With Richard Branson and Jeff Bezos planning their first trips to space as dangerous heat waves intensify, some people suspect the billionaires are planning futures off the planet. Not going to happen, says Sim Kern in an essay at Salon. "As a scifi writer and the spouse of a NASA flight controller, let me assure you that the rich escaping the earth for a space utopia is only a trope in fiction," Kern writes, noting that life on the International Space Station, the "most comfortable living situation we've ever devised above Earth's orbit," is a very long way from luxurious, and crews are only able to survive with the help of thousands of experts problem-solving on Earth. Kern notes that ISS astronauts have to exercise two hours a day just to stop "their bones turning to goo"—and that Scott Kelly, after a lifetime training to be an astronaut, found his record-breaking year in space "physically and psychologically grueling" and retired when he returned.

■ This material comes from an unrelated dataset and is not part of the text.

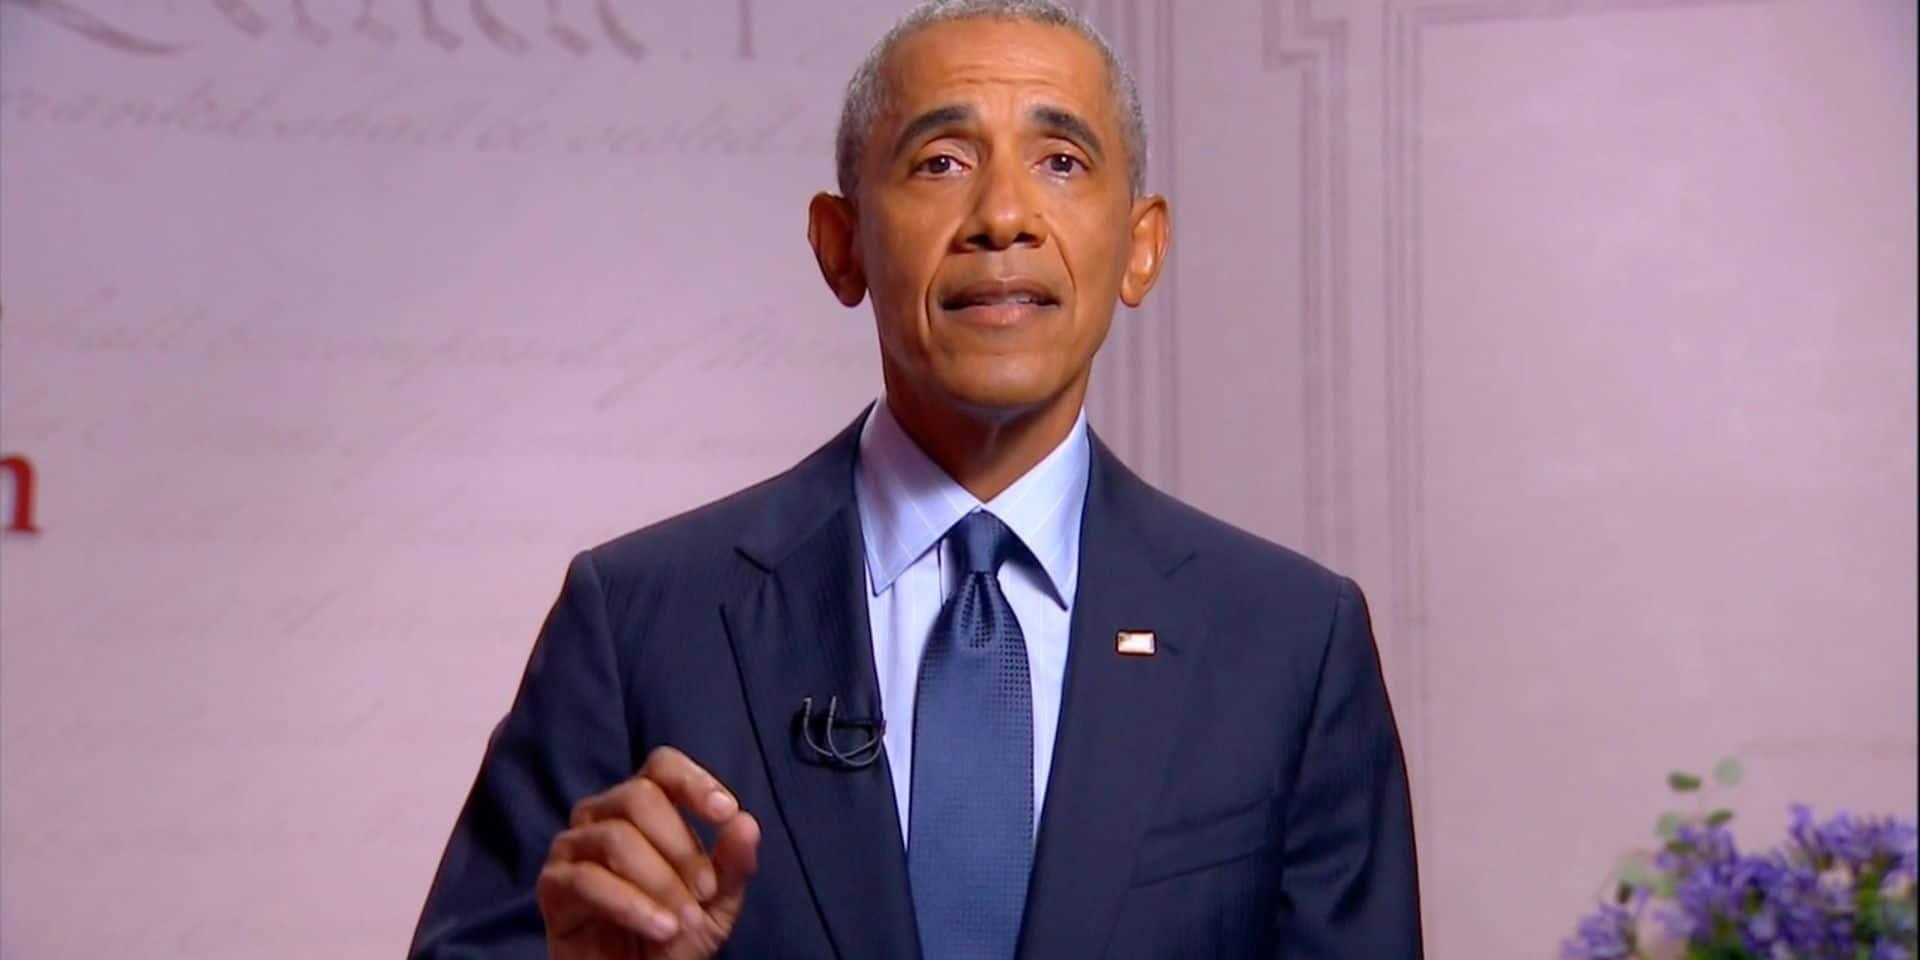 Obama annonce la sortie de son livre deux semaines après l'élection présidentielle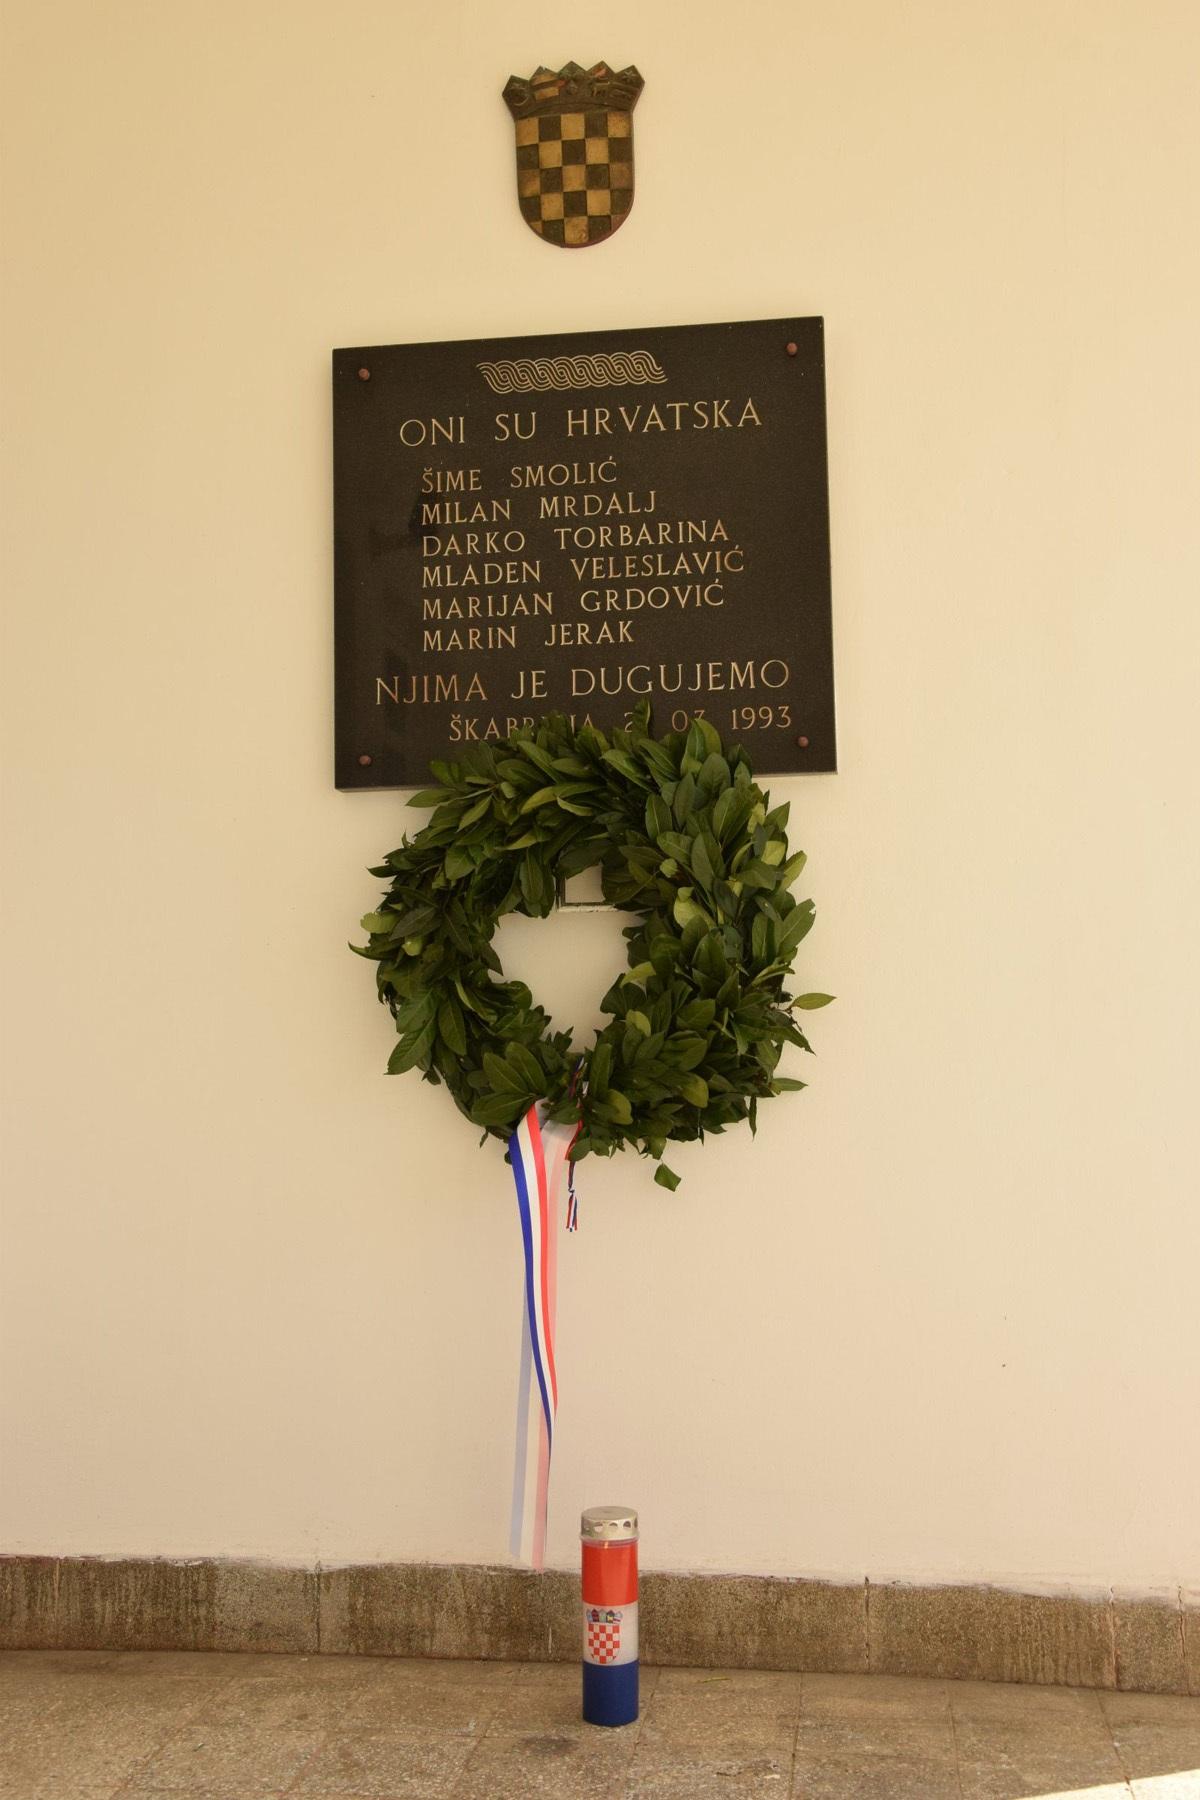 Obilježen Dan 93. krila i obljetnica poginulih pripadnika postrojbe

"So rest assured, Bezos and Branson will not be sipping champagne next to their space-pool on Low-Earth Mar-a-Lago," Kern writes. "For all their wealth, billionaires do not have the power to make space a more comfortable place to be than Earth." Kern describes the billionaires—including Elon Musk, whose Mars colony plans are "astronomically less feasible"—as "egotistical robber barons" who made their money in a system that is rapidly destroying the planet we live on. "Branson and Bezos aren't investing their money to forward science or expand the bounds of human possibility," Kern writes. "They're doing it to be the first rich guy to bounce around uselessly up there."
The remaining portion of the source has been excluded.